According to the U.N., on January 31, unidentified gunmen fired on two African Union (AU) patrols. The first incident occurred in North Darfur between Khor Abeche and Shangil Tobai while AU forces were investigating reports of a GOS aerial bombardment south of Shangil Tobayi. The second incident occurred near Biritabla, roughly 100 km south of Nyala in South Darfur.

UNSECOORD declared the road between Geneina and Mornei a "no-go" area after armed men fired at a U.N. truck and looted all personal belongings of the passengers on February 2. The truck was marked with the logos of a U.N. agency and a non-governmental organization (NGO).

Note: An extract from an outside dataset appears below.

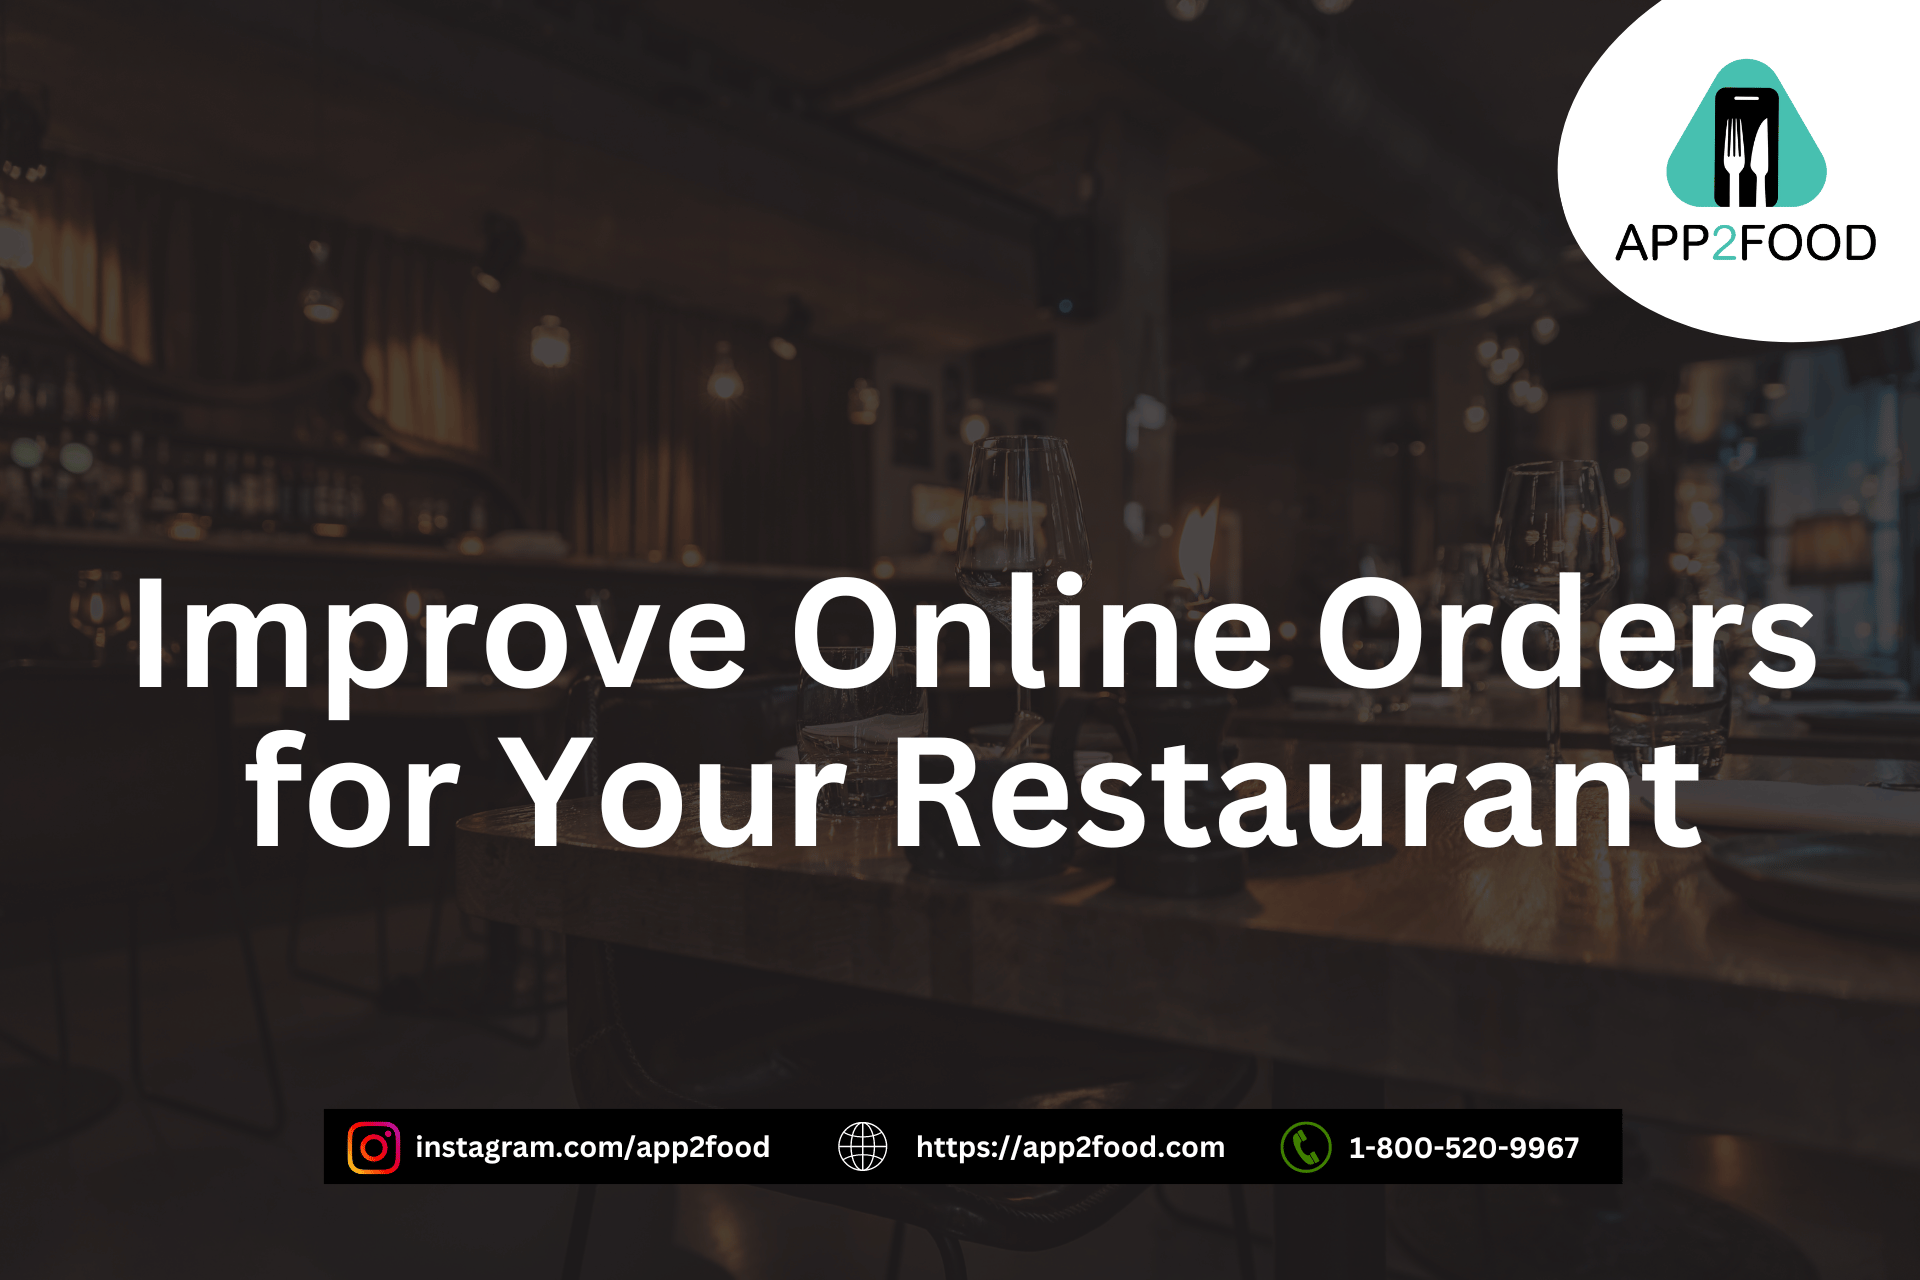 App2Food Can Help You Improve Online Orders for Your Restaurant

Three Norwegian Church Aid (NCA) national staff members were released from police custody on January 30. The three were arrested by GOS police at the NCA office in Nyala on January 3.


In response to a recent meningitis outbreak among refugees from Darfur, Médecins Sans Frontières (MSF) plans to launch a vaccination campaign in eastern Chad, in coordination with local health authorities and the International Federation of Red Cross and Red Crescent Societies. The campaign will target approximately 70,000 refugees in Bredjing and Farchana camps and local residents of surrounding areas, as well as in the border town of Adré. MSF is also improving the local surveillance system and administering antibiotics to infected individuals.

The U.N. World Health Organization (WHO) has convened a task force in Khartoum on early preparedness for meningitis and has appealed to humanitarian agencies to be monitoring for possible Meningitis cases in West Darfur, given the recent outbreak in Chad. WHO advised that particular attention should be given to IDPs living in close quarters such as those lodged in Foraboranga hospital.


1 According to WHO, the emergency threshold for crude mortality is 1 death per 10,000 people per day.

2 According to WHO, the emergency threshold for under-five mortality is 2 deaths per 10,000 children under five per day.